Read more: Clearing settlement roundtable



J. Adam Vine, HSBC:
There certainly is some degree of this.  Some of the smaller countries, predominantly in South East Asia, benefit from what the other larger markets are doing, not only in the region but also globally.

They’re smaller, more nimble and able to adapt processes and procedures more easily than larger markets. It’s not only in custody and clearing; if you’re small you can potentially be more nimble. However, the regulatory regimes and structures of some countries in Asia are still influenced by a certain degree of legacy securities rule of law.

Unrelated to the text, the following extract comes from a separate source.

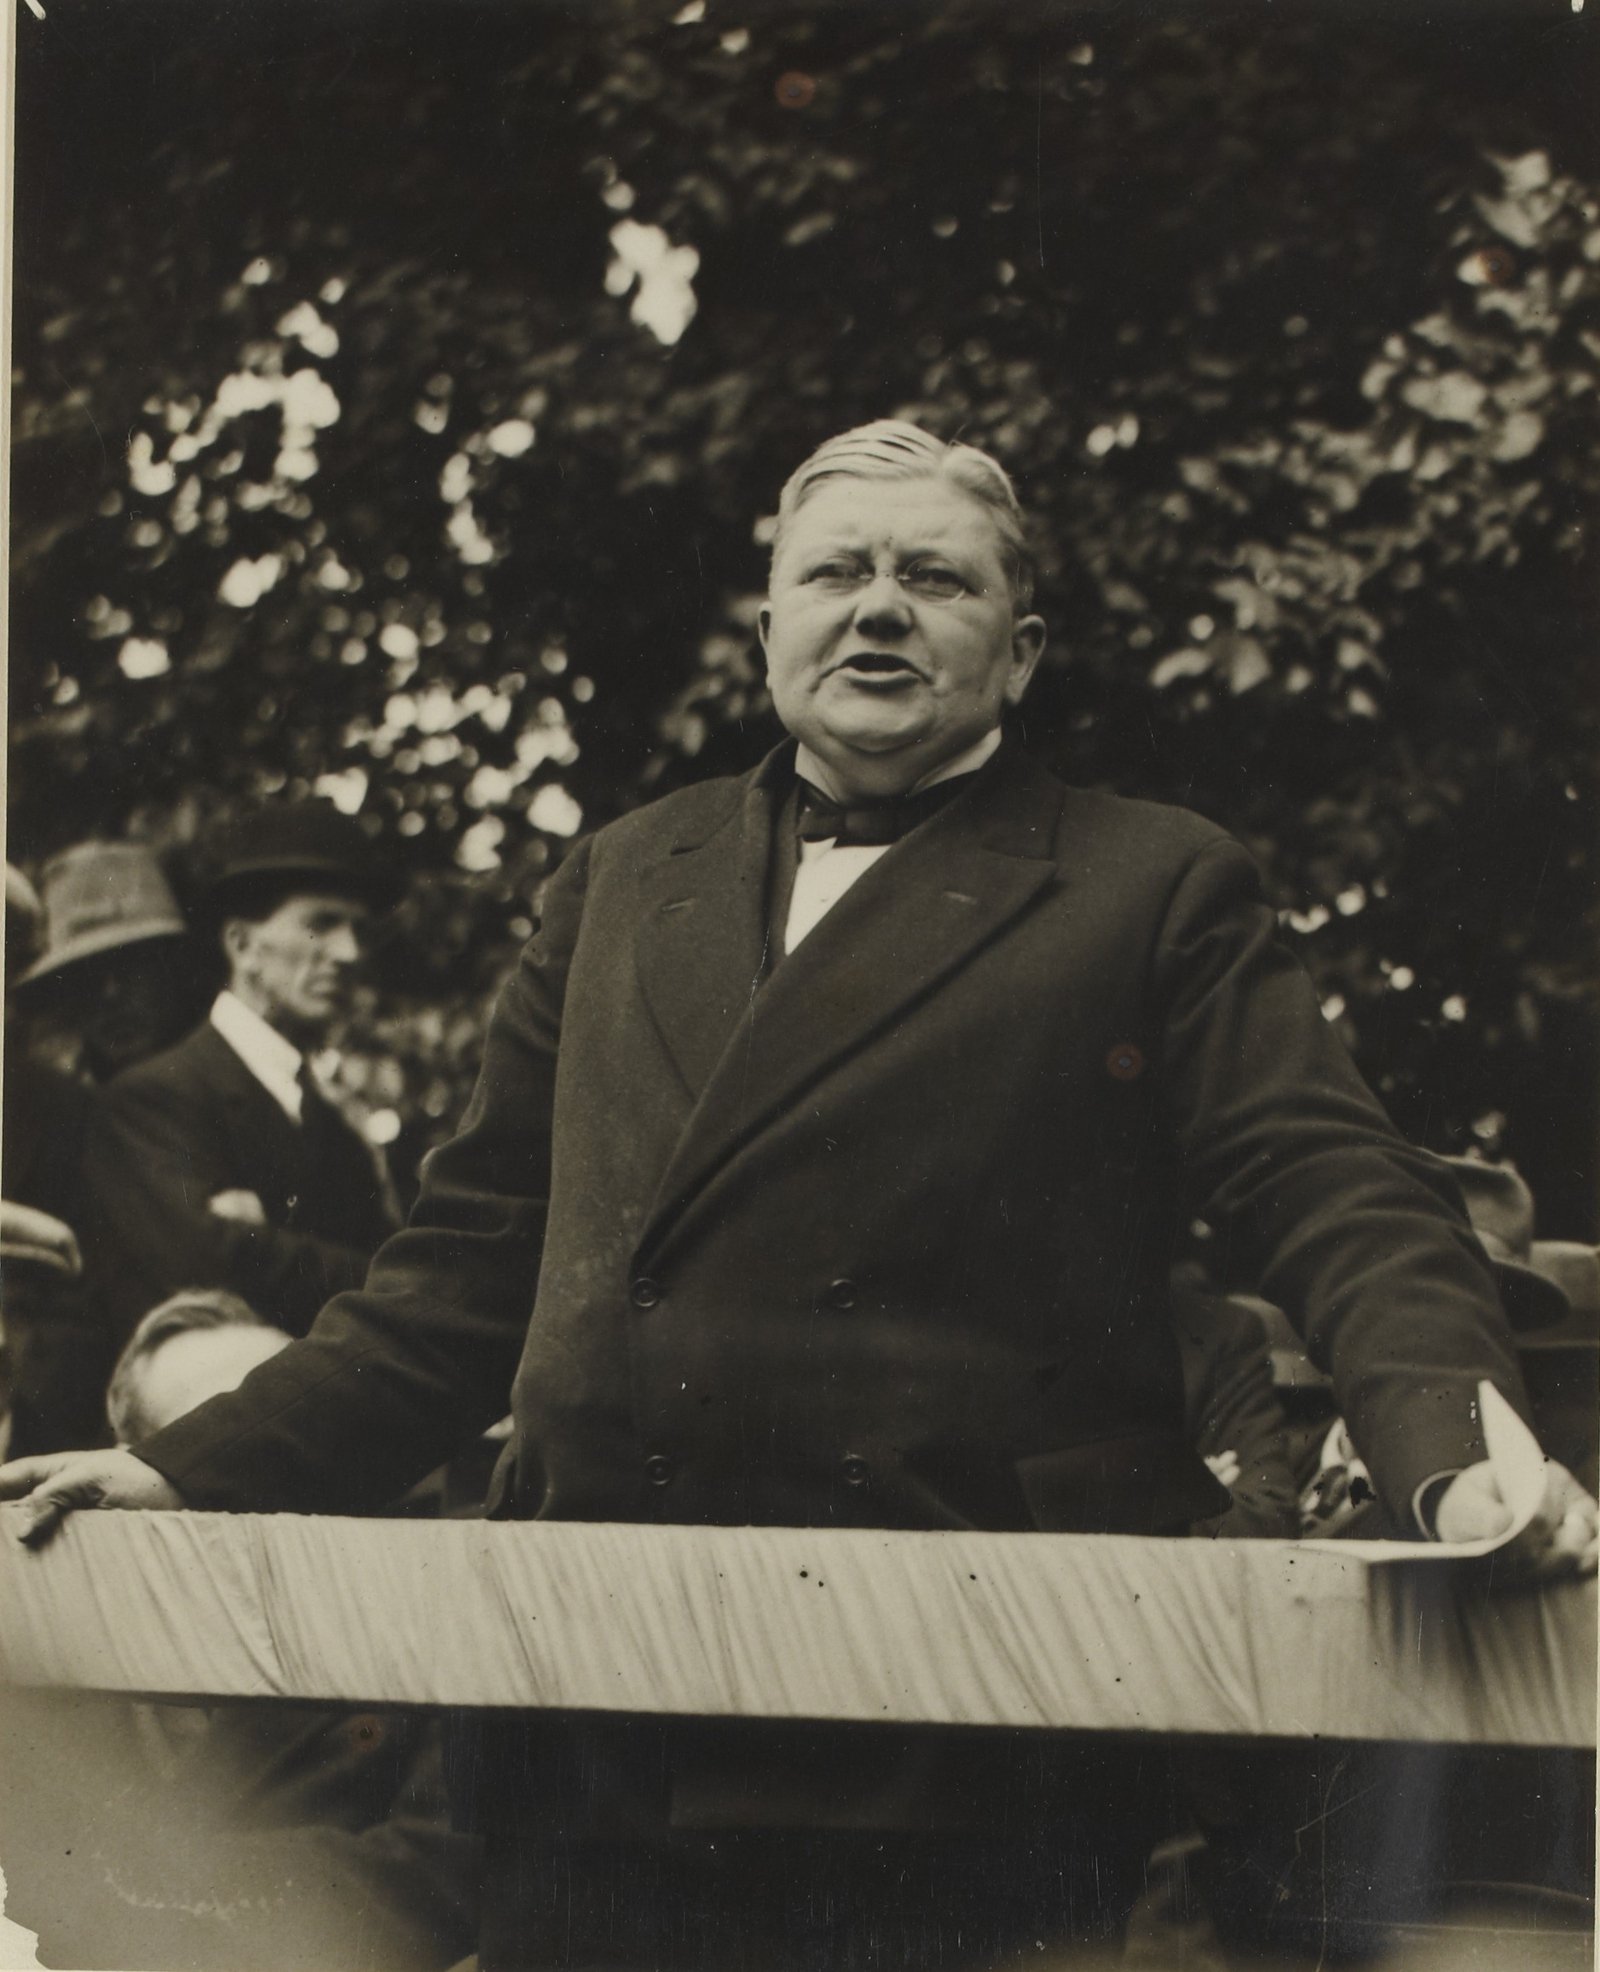 Image - Attorney-General Hugh Kennedy. Credit: National Library of Ireland.

Barnaby Nelson, BNP Paribas: It’s probably an over-generalisation to say there is just four markets that are moving very fast and then the rest. My sense is that it’s more a multi-speed financial industry in Asia. Some are inherently moving slowly but have a strong desire to move quickly; others are moving slowly and are quite happy to stay that way; and there are those that are moving quickly. India probably had the fastest pace of change in the region across the whole trading landscape in the last 12 months. It’s absolutely multi-speed for me – there are other dimensions worth bearing in mind.

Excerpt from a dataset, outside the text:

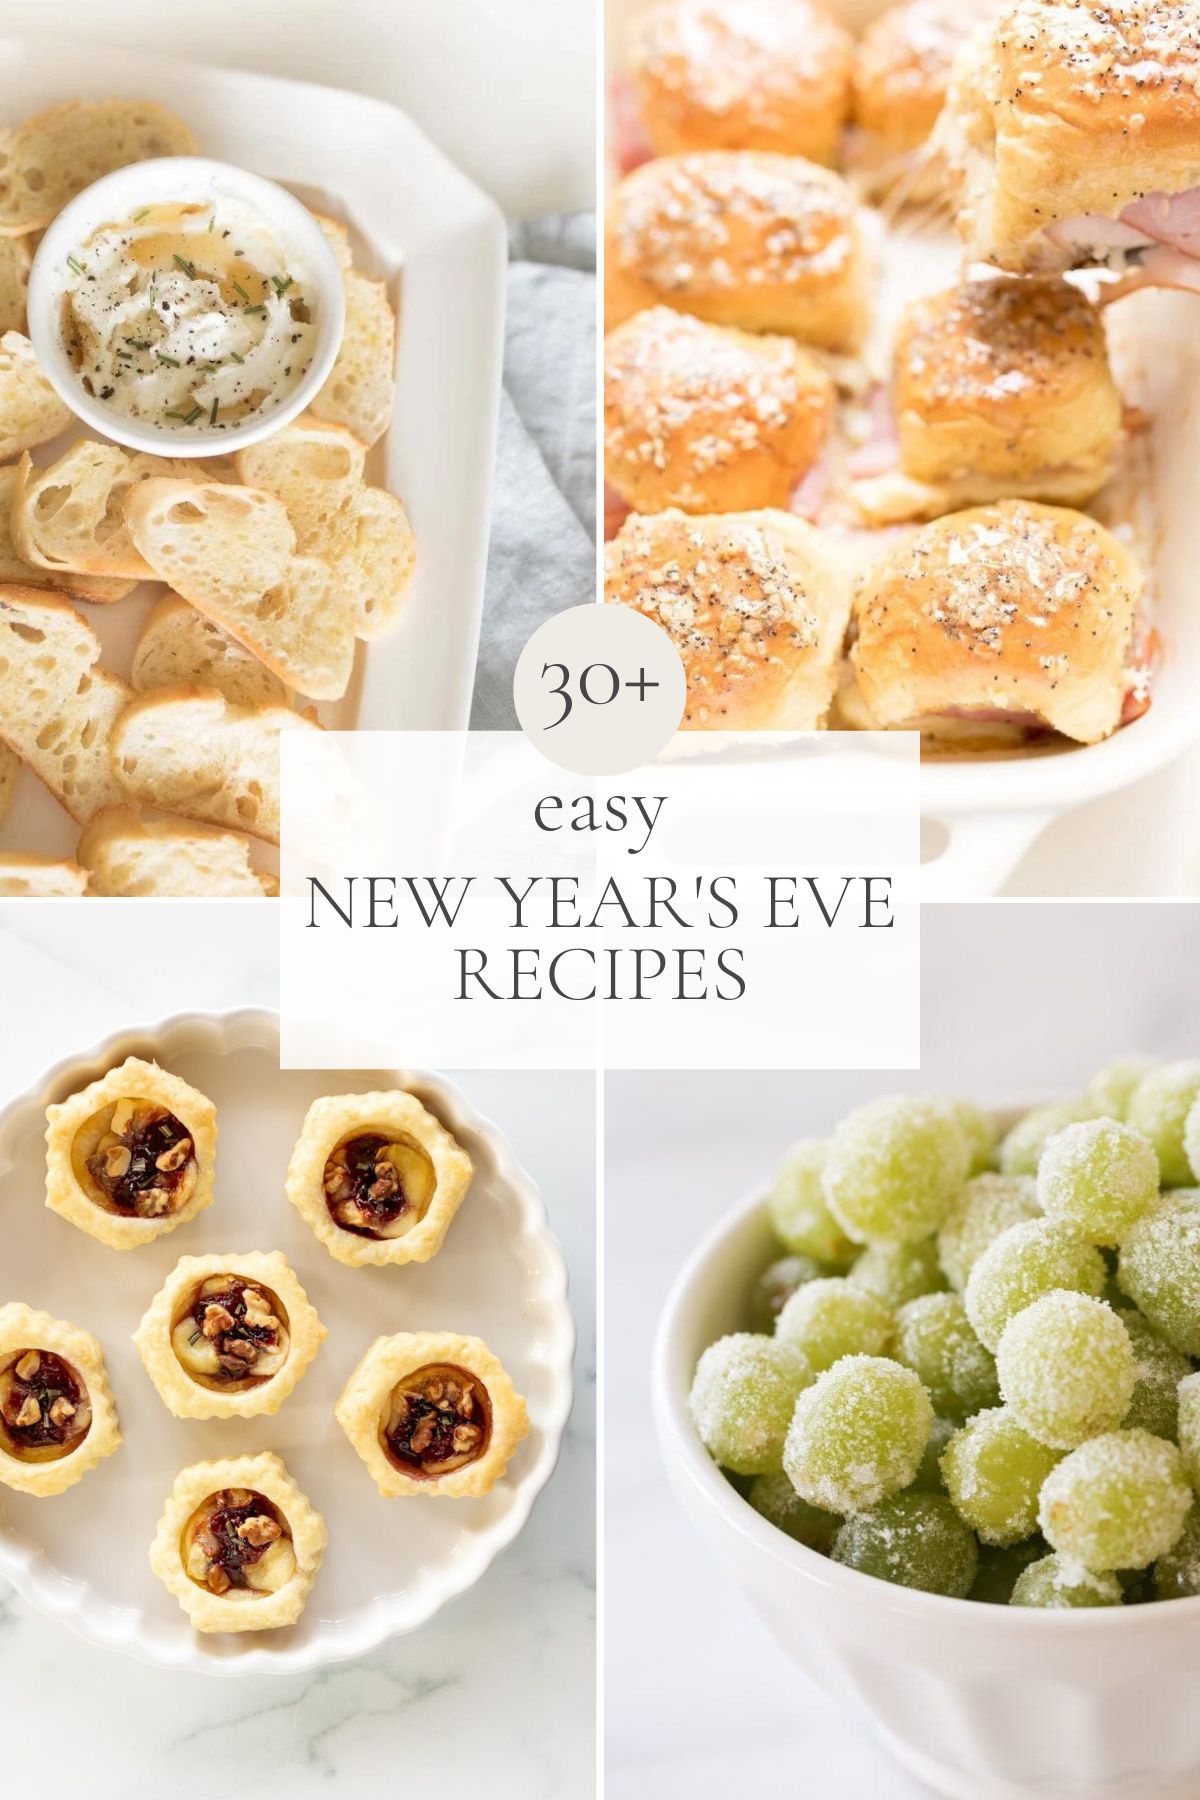 a graphic featuring a variety of recipe images, headline reads "30+ easy new year's eve recipes"

Olivier Grimonpont, Euroclear: I agree that Asia’s a multi-speed region. Each country acts according to its own needs. Internationalisation is not an objective in itself as their interests differ to varying degrees. Some, such as Japan, Australia, China and India, are large enough to impose their own rules, but some smaller countries need an international dimension to support their growth.

It’s a balance between optimising efficiency and protecting the system, so it’s really important to have the right model for each economy. Asian economies are so diverse that you wouldn’t expect them to move at the same speed; the underlying objective is definitely different depending on the country.

Nelson: It’s a really excellent point, when you think how it’s changed post-Lehman’s. There’s a greater distrust of internationalisation than there used to be in a lot of Asian markets, Hong Kong being the exception. Now the attitude is: ‘Just because it comes from overseas doesn’t make it necessarily safer or better.’ Internationalisation isn’t a priority, even if Westerners generally think ‘surely they only exist to open up infrastructures, that’s the natural path’. If you asked regulators around the region what they are there to do they would say safety – protecting their own people first – rather than liberalisation.

Grimonpont: A good example is Korea. It opened up its market a year and a half ago, and then back tracked on January 1 2011. They realised that opening up the Korean market was not necessarily in their immediate best interests. We can argue that observation, but it’s definitely what they did. They went back to a model of reduced foreign access to the market, contrary to what you would expect from a G20 economy.